# Brief:
Aside from the pictures, copy the listing exactly.

# Given information:

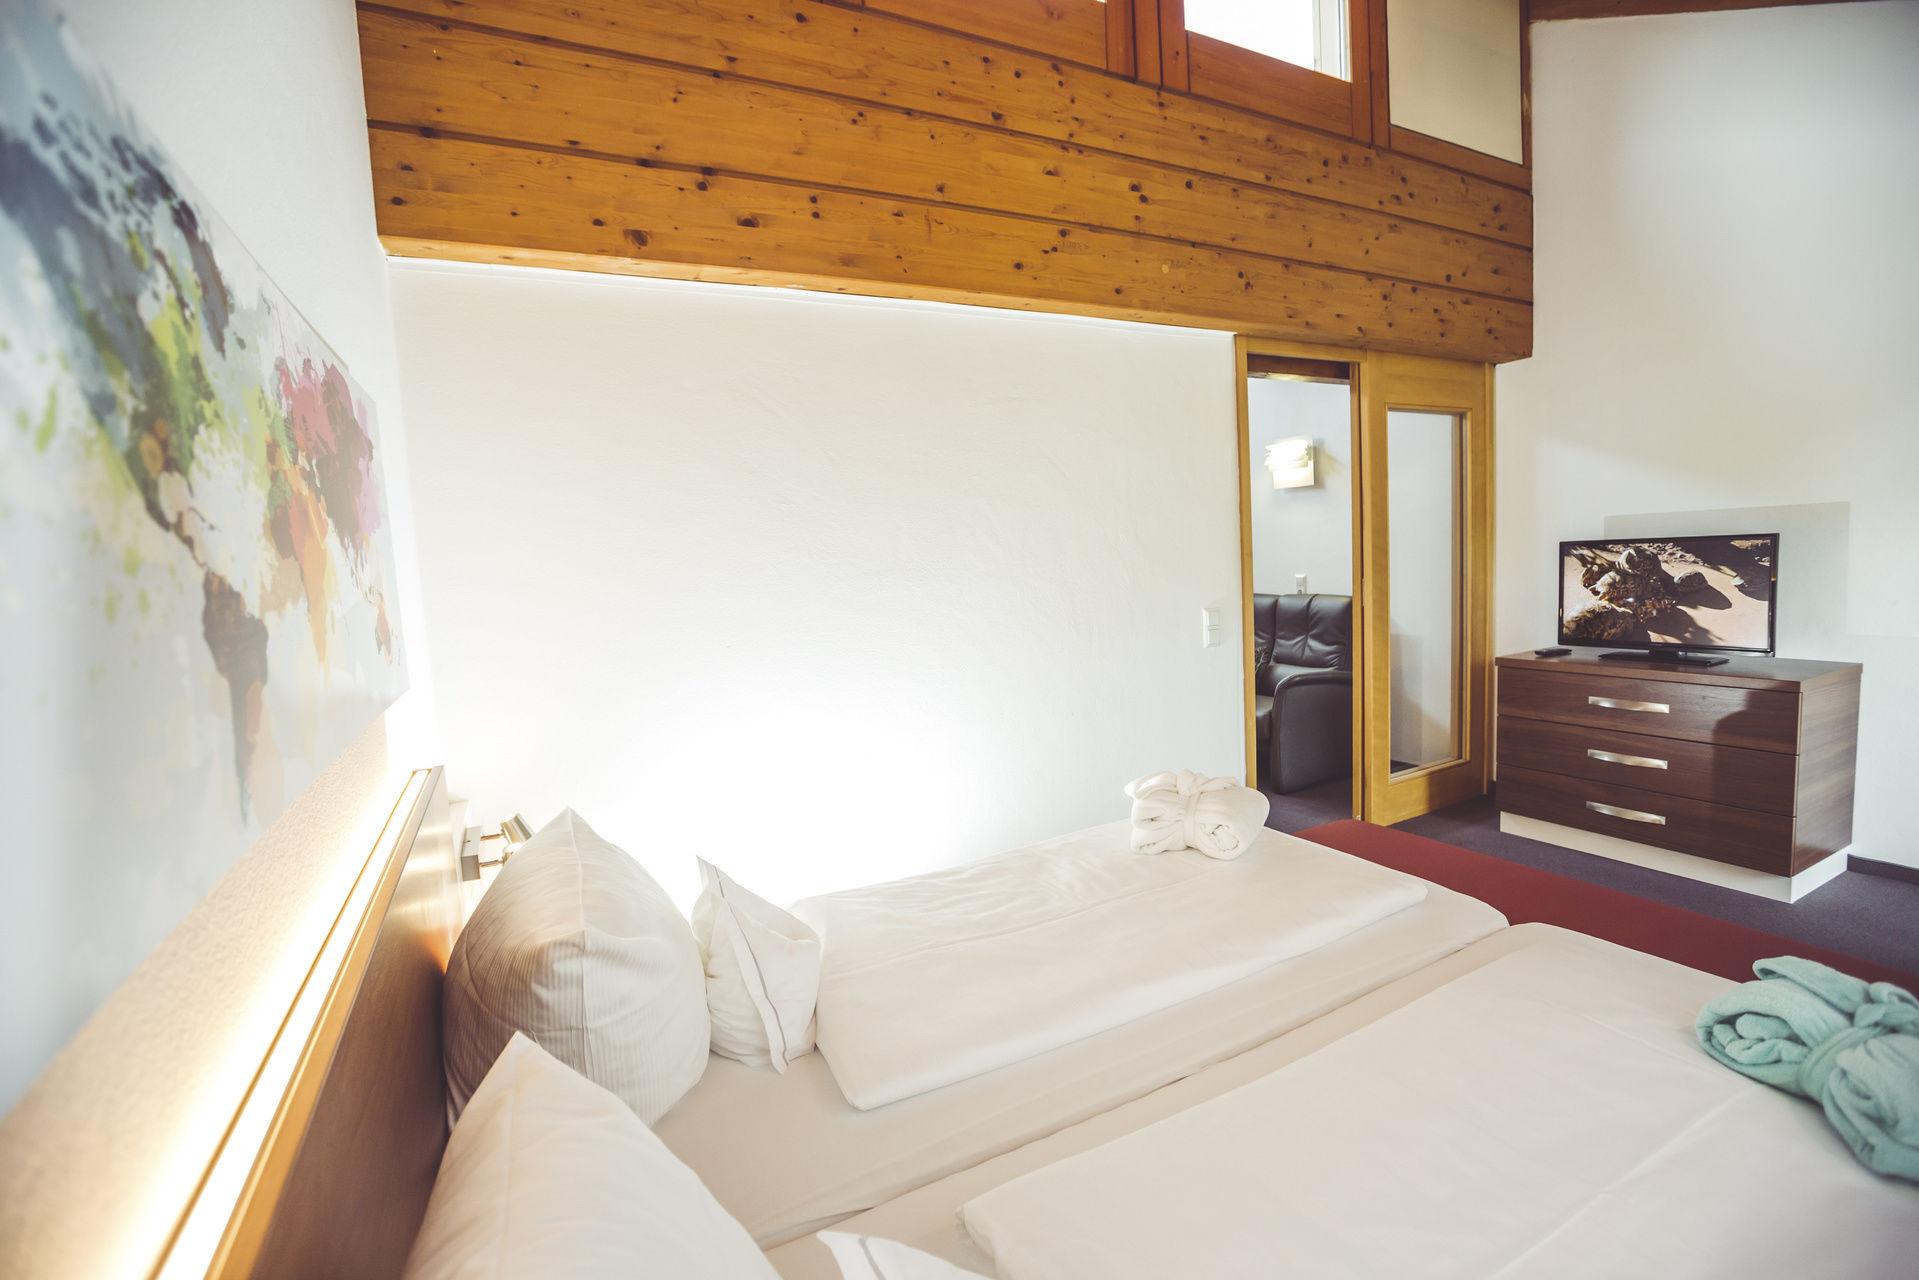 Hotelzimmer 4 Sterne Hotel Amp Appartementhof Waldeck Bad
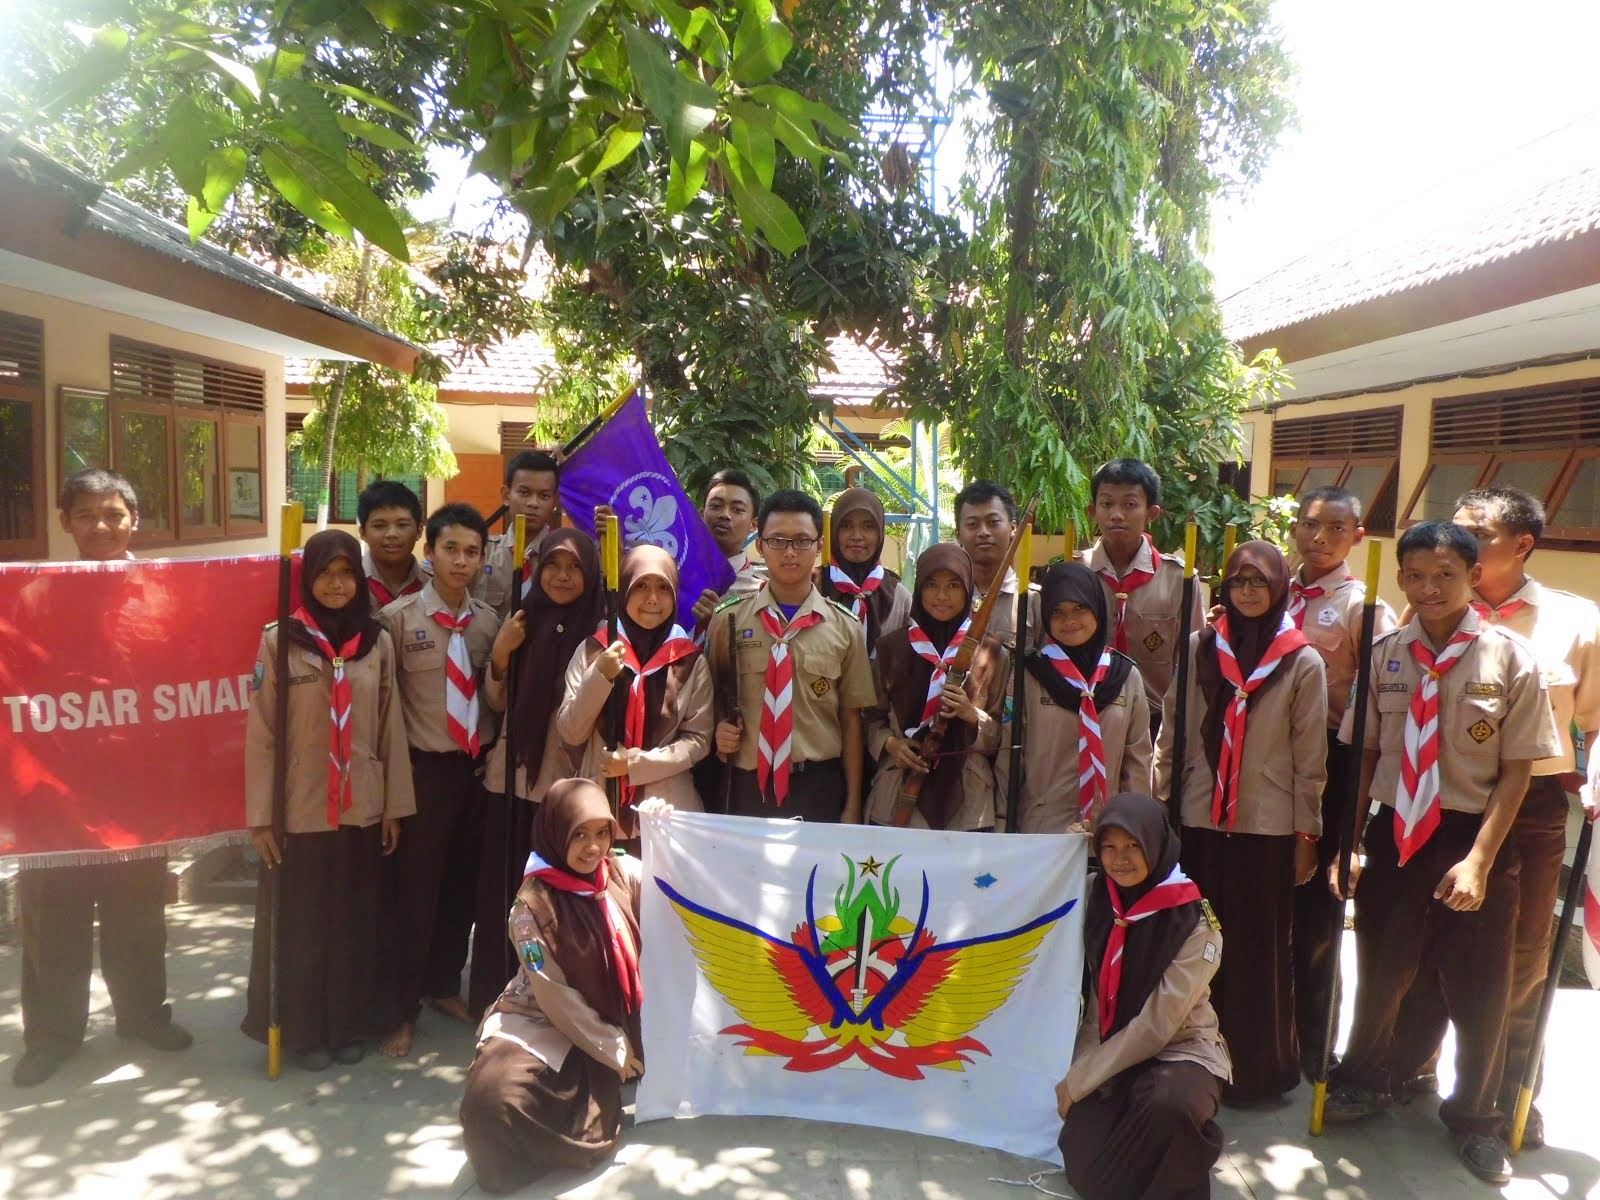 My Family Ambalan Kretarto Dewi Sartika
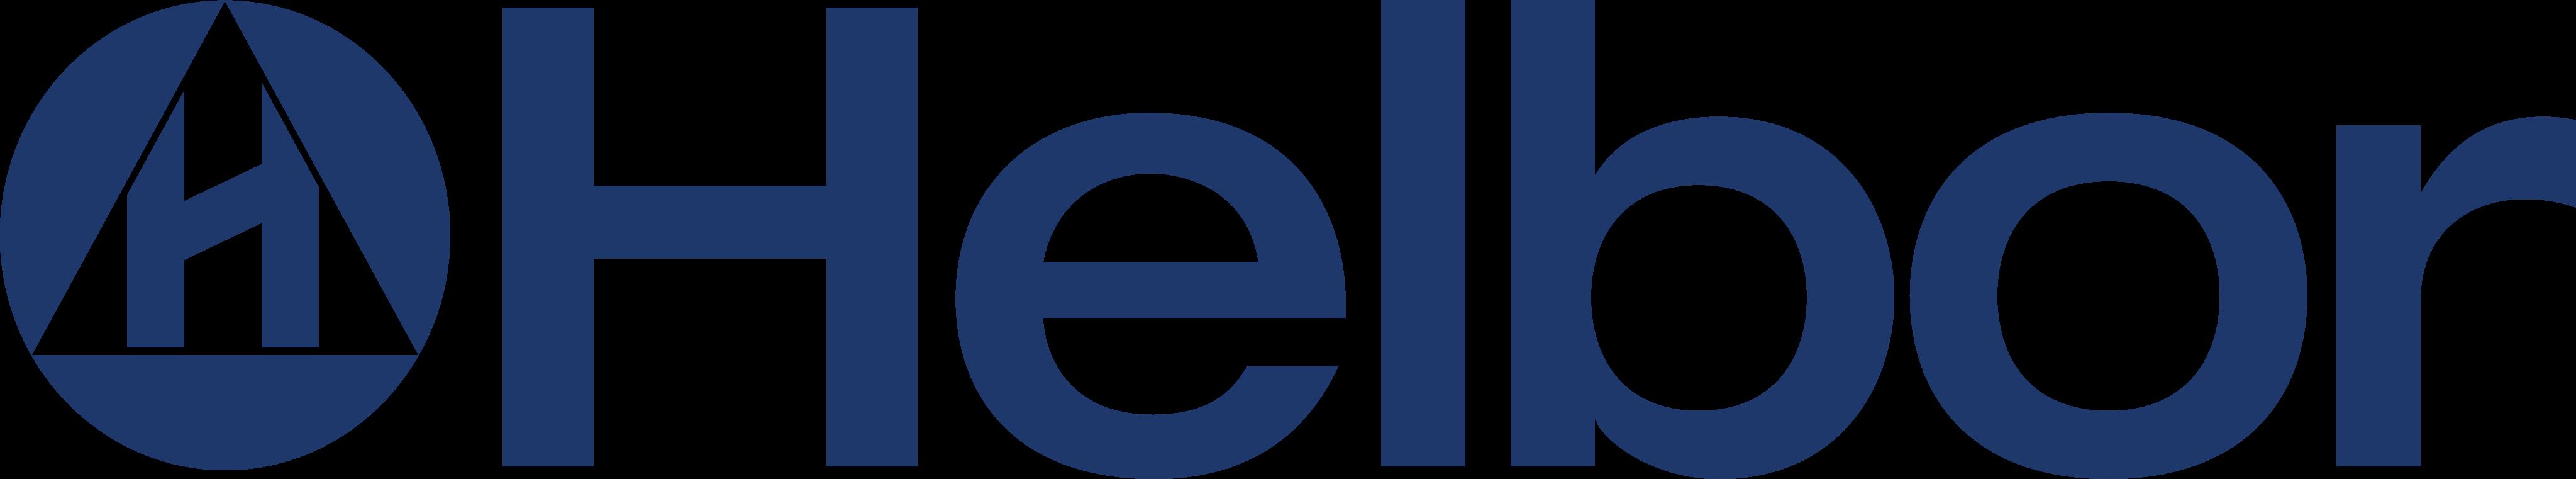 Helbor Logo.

# Response:
 Hotelzimmer 4 Sterne Hotel Amp Appartementhof Waldeck Bad
 My Family Ambalan Kretarto Dewi Sartika
 Helbor Logo.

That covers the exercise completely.